Frequently Asked Questions
My child went to day camp last year without labels and everything came home. Do I really need labels?
Day camp is lower risk than overnight camp because clothing and gear come home daily. If your child is good at tracking their belongings and nothing important was lost, you may be able to get away with labeling only the highest-risk items — water bottle, lunchbox, shoes. The items that most consistently don't come home from day camp are jackets left at activity stations, water bottles set down at the pool, and shoes mixed up at swim time. Label those at minimum. Label everything if you'd rather not think about it.
My child is going to overnight camp for the first time. Is labeling really as extensive as this guide describes?
Yes — for a multi-week overnight camp session, the full labeling approach described here reflects what actually prevents losses. The parents who tell me at the end of session what didn't come home almost always sent their child without labels on socks, bedding, or both shoes of every pair. The labeling session takes 3–4 hours spread across a few days before drop-off. That time prevents a much longer frustration at the end of session and a replacement cost that adds up quickly. For the full week-before timeline, see our first-time camp parent guide.
Can I use stick-on labels for overnight camp clothing to save time?
Not for the clothing — stick-on labels are designed for home laundry and are not intended for commercial washers or dryers. Overnight camp clothing goes through communal institutional washing at higher temperatures. Iron-on labels bonded into fabric fibers are what survive those conditions through a full session. Stick-on labels on care tags may hold for the first wash or two and then begin to lift as the institutional laundry conditions stress the adhesive. For hard-surface items (water bottles, food containers, toiletries) the same waterproof labels work for both camp types.
My child is going to a specialty overnight camp (music, art, sports) for one week. Does the full overnight camp labeling approach still apply?
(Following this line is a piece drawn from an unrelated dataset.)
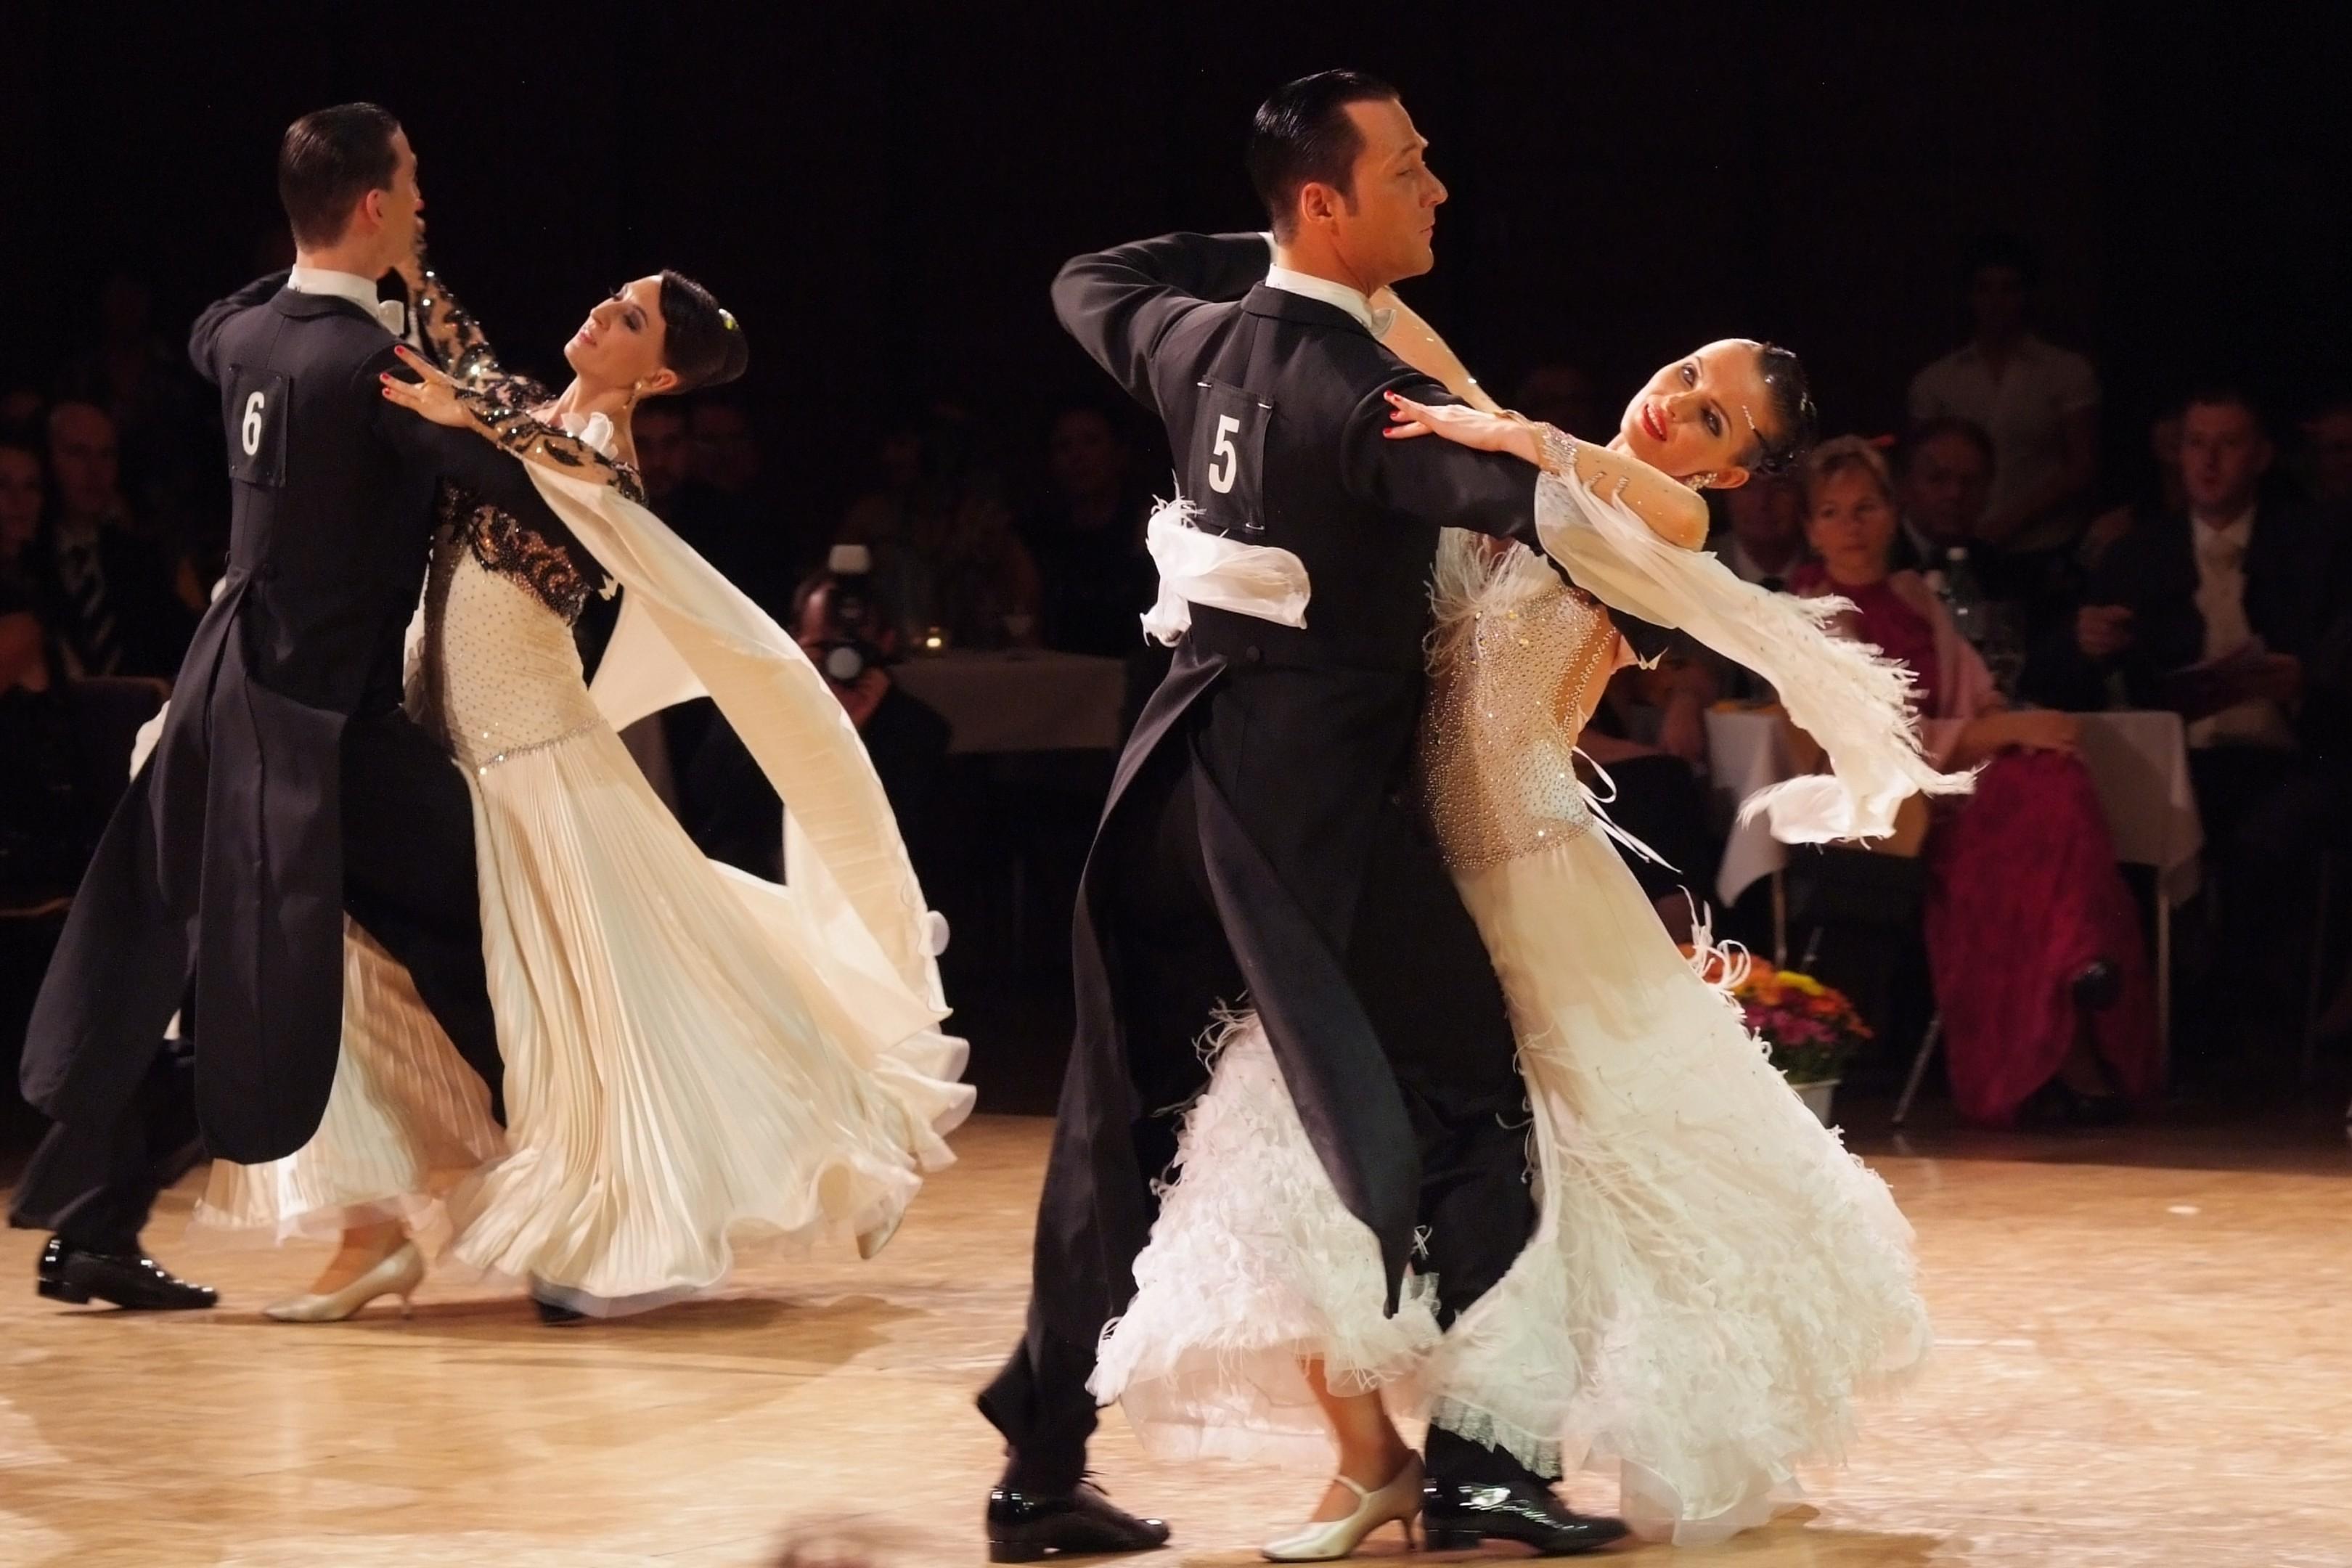 "Shownachmittag ""Showtime non-stop!"" im Rahmen des Tanzturniers"

A one-week overnight session has reduced labeling risk compared to a month-long session — there are fewer communal laundry cycles, less time for items to migrate, and less accumulated mixing in shared spaces. For a one-week overnight session, focus on iron-on for all clothing (communal laundry still happens), labels on both shoes of every pair, water bottle and lid, and any specialty gear (instrument case, sports bag). Bedding labeling is still worth doing even for one week — it takes 30 minutes and prevents end-of-session confusion. You can scale back on the full toiletry labeling system for a single week.
Is there any item that doesn't need a label regardless of camp type?
Items that are highly distinctive in appearance and only ever used by your child don't carry the same loss risk as identical-looking items in a shared space. A very unusual piece of equipment with a distinctive color or design may not need a label in the same way a white athletic sock does. But the honest answer is that the cost of a label is so low — in time and money — compared to the cost of losing any individual item that the practical advice is always to label everything that leaves your house going to camp. The question "does this really need a label?" almost always resolves to yes when weighed against the alternative.
My child goes to both day camp in June and overnight camp in August. Do I need two separate labeling setups?
Not exactly — but you'll want to think through the label type choice at the start of summer. If you use stick-on labels on care tags for June day camp with the intention of using the same clothing for August overnight camp, you'll need to either re-label with iron-on before overnight camp or use iron-on from the start on the items that will make both trips. Iron-on labels work equally well in home laundry and institutional laundry — so labeling everything with iron-on at the start of summer is the simplest approach if your child's clothing will go to both environments. Stick-on for day camp only items that won't go to overnight camp is fine.